Prime Command Input File

The command input file contains a list of keywords that control the execution of the program, one per line. The keywords are listed in the tables below. Generally valid keywords are listed in Table 3 and protocol-specific keywords are listed the following tables. The keywords and values are case-insensitive, except where the case is important, such as for file names.

Table 1. General keywords

Keyword syntax

Description

JOB_TYPE job

Type of job to run. The available options are:

MODEL

Build a structure for a homology model.

REFINE

Refine a structure.

OPLS_VERSION {OPLS2005|OPLS4}

OPLS force field version to use.

REDUN_CUTOFF tol

RMSD cutoff for eliminating redundant conformers, where relevant.

REMOVE_REDUNDANT {true|false}

Where multiple structures can be generated, remove redundant structures, as determined by REDUN_CUTOFF.
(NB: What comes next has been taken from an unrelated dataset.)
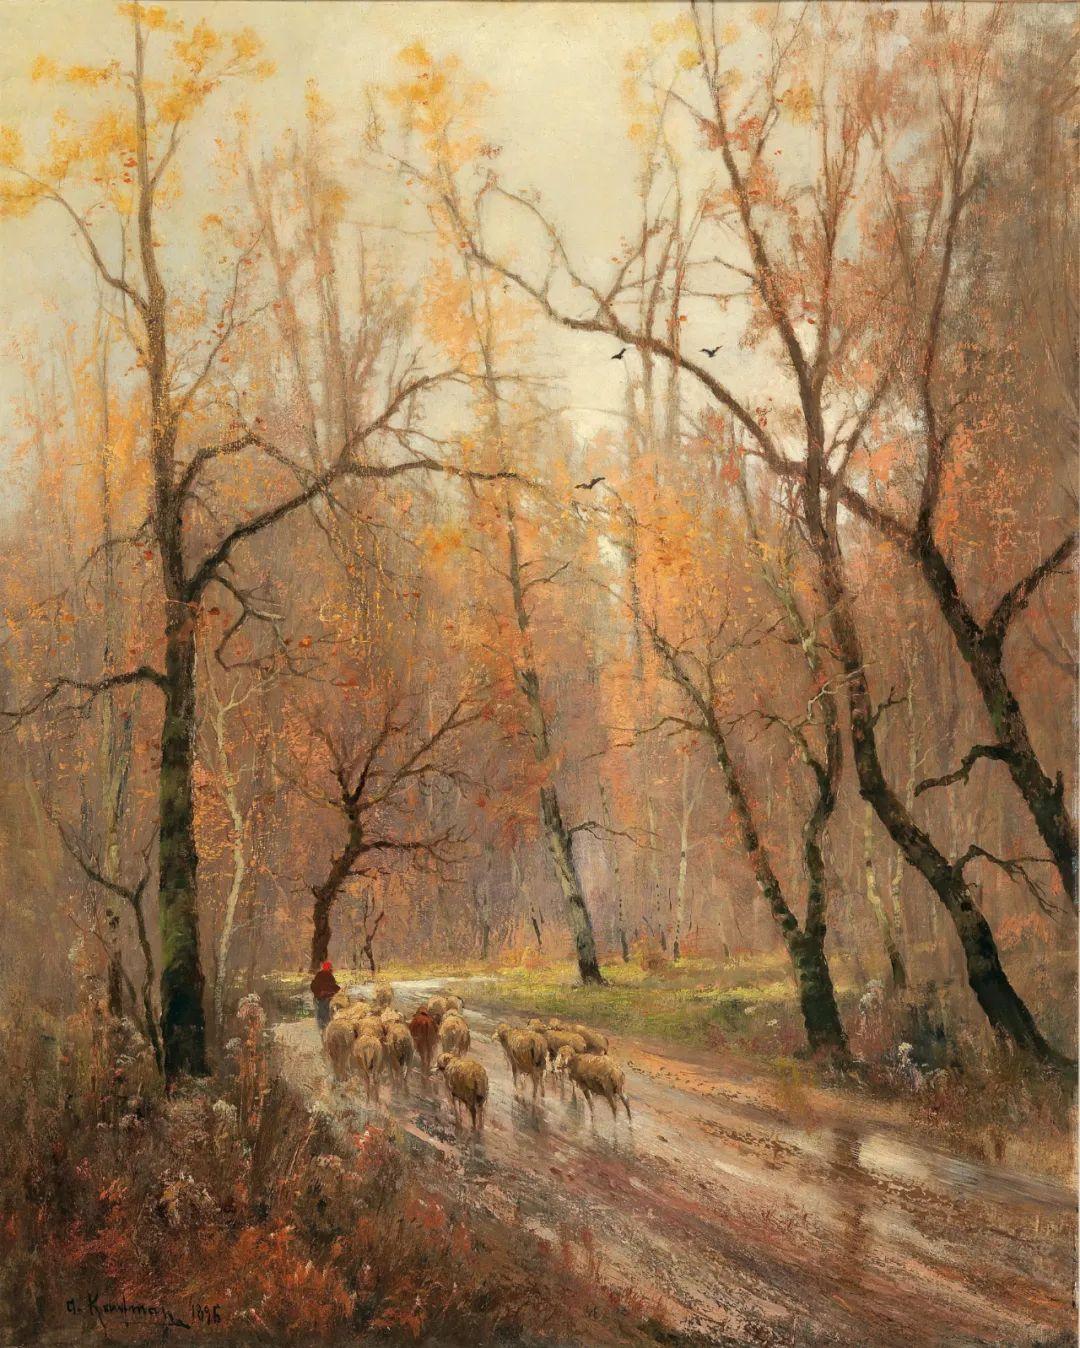 风景油画丨奥地利画家阿道夫·考夫曼的精美风景画插图57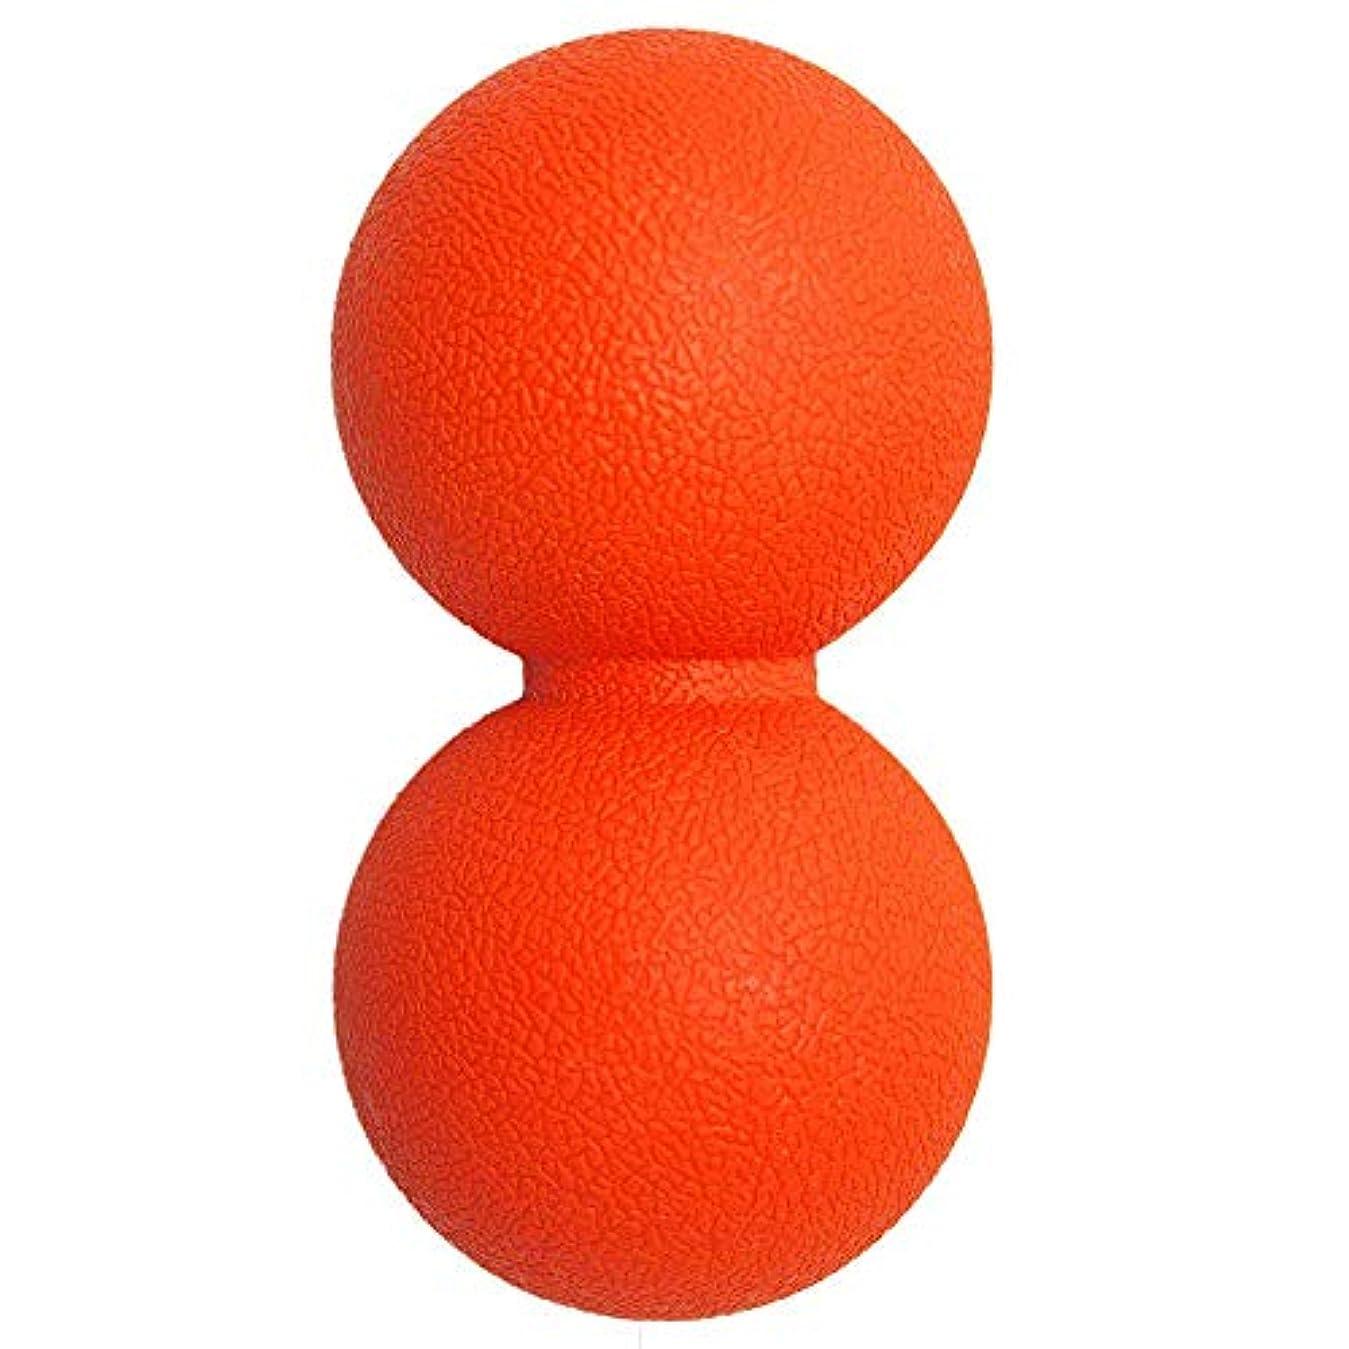 改革再生縫うマッサージボール 筋膜リリースストレッチボール 肩こり 腰 足裏ツボ押しグッズ 背中,オレンジ

Table 2. Keywords for homology model building jobs

Keyword syntax

Description

BUILD_DELETIONS {true|false}

Required. Turn on or off closure of the chain breaks near deletions in the alignment. If not closed, they will remain as chain breaks in the output structure.

BUILD_TRANSITIONS {true|false}

Required. Turn on or off closure of the junctions between templates in multi-template homology modeling jobs. If not closed, they will remain as chain breaks in the output structure.

COMPOSITE_ARRAY string

A string of integers indicating from which template (or, more specifically, from which alignment) coordinates for a given residue should be obtained. Thus, this string of integers must be equal in length to the query sequence being used in the alignment files. COMPOSITE_ARRAY is required for multiple template jobs. It is not required for single template jobs, but if it is present, it is ignored.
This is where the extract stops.